That is how normally vector's memory allocation model behaves to provide an amortized constant time push_back
operation, Basically it tries to guess that you might want to fill the erased part with a new element so it doesn't free the memory. By doing this it can avoid constant allocation and deallocations. To go around this, you can use the swap trick to free the unused vector memory. You have to swap your empty vector with a temporary unnamed vector so that when temporary vector goes out of scope it frees the memory in its destructor, Something like: vector<int>(c).swap(c)
First, std::vector erase method is not very effecient, it has to move all items after the deleted one. If order of vector items (bullets) does not matter, swapping the deleted bullet with the last bullet and deleting the last bullet will be faster (so you get constant complexity instead of linear complexity).

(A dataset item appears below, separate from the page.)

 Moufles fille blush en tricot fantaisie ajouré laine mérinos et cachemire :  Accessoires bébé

Second, what is the real problem - that after deletion of the 10,000 items, memory is not freed up? Are we talking about free memory reported by operating system, or free space on the heap? It is possible (and very likely), that some other object was allocated after the position of the data of the vector, so it is not possible to simply free this memory to operating system; but it can be reused for other, newly created objects.
I suggest you to take a look at these two idioms and pick the one that fits you the most:
Shrink to fit
Clear & minimize
The std::vector
class automatically manages its internal memory. It will expand to hold as many items as you put into it, but in general it will not shrink on its own as you remove items (although it will of course release the memory when it destructs).
The std::vector
has two relevant concepts of "size". First is the "reserved" size, which is how much memory it has allocated from the system to use for storing vector elements. The second is the "used" size, which is how many elements are logically in the vector. Clearly, the reserved size must be at least as large as the used size. You can discover the used size with the size()

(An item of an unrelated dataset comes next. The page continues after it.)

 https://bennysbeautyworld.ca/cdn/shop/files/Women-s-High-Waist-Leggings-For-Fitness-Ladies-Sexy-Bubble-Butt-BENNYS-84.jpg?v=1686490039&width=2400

method (which I'm sure you already know), and you can discover the reserved size using the capacity()
method.
Usually, when the used and reserved sizes are the same, and you try to insert a new element, the vector will allocate a new internal buffer of twice the previous reserved size, and copy all of the existing elements into that buffer. This is transparent to you except that it will invalidate any iterators that you are holding. As I noted before, AFAIK, most STL implementations will never shrink the reserved size as a response to an erasure.

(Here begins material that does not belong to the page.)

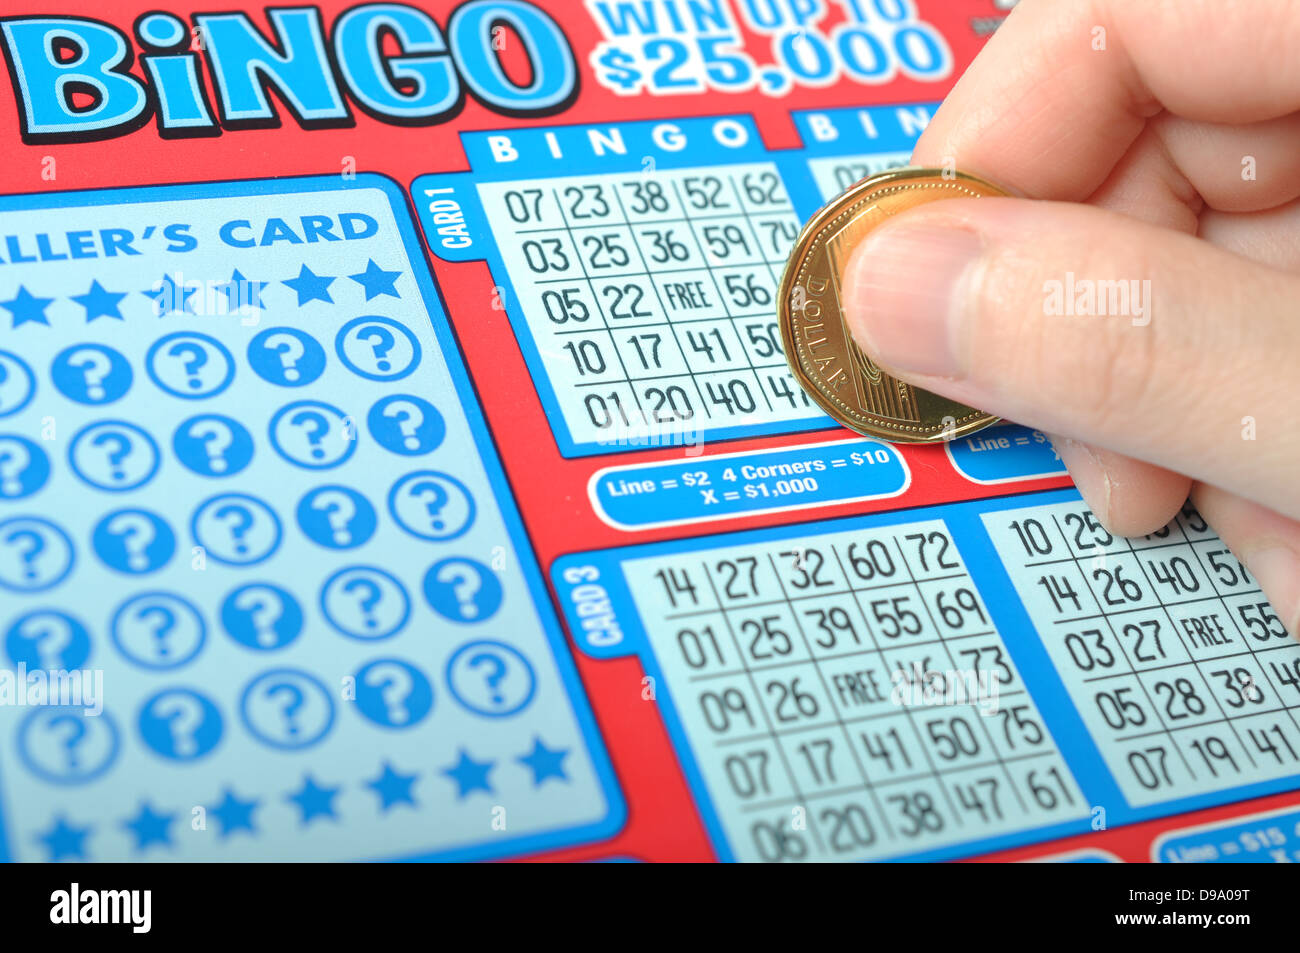 Une main humaine se gratte un billet de loterie Banque D'Images

Unfortunately, while you can force a vector to increase its reserved size using the reserve()
method, this does not work for decreasing the reserved capacity. As far as I can tell, your best bet for effecting a reduction in capacity is to do the following:
std::vector<Bullet>(myVector).swap(myVector);
What this will do is create a temporary vector which is a copy of the original vector (but with the minimum necessary capacity), and then swap the internal buffers of the two vectors. This will cause your original vector to have the same data but a potentially smaller reserved size.
Now, because creating that temporary copy is a relatively expensive operation (i.e. it takes a lot more processor time than normal reads/insertions/deletions), you don't want to do it every time you erase an element. For the same reason, this is why the vector doubles its reserved size rather than increasing it by 1 when you need to exceed the existing size. Therefore, what I would recommend is that after you have erased a relatively large number of elements, and you know you will not be adding that many more any time soon, perform the swap 'trick' above to reduce the capacity.
Finally, you may also want to consider using something other than a std::vector
for this. Erasing elements from the middle of a vector, which it seems that you are doing frequently, is a slow operation compared to many other types of data structures (since the vector has to copy all of the subsequent elements back one slot to fill the hole). Which data structure is best for your purposes depends on what else you are doing with the data.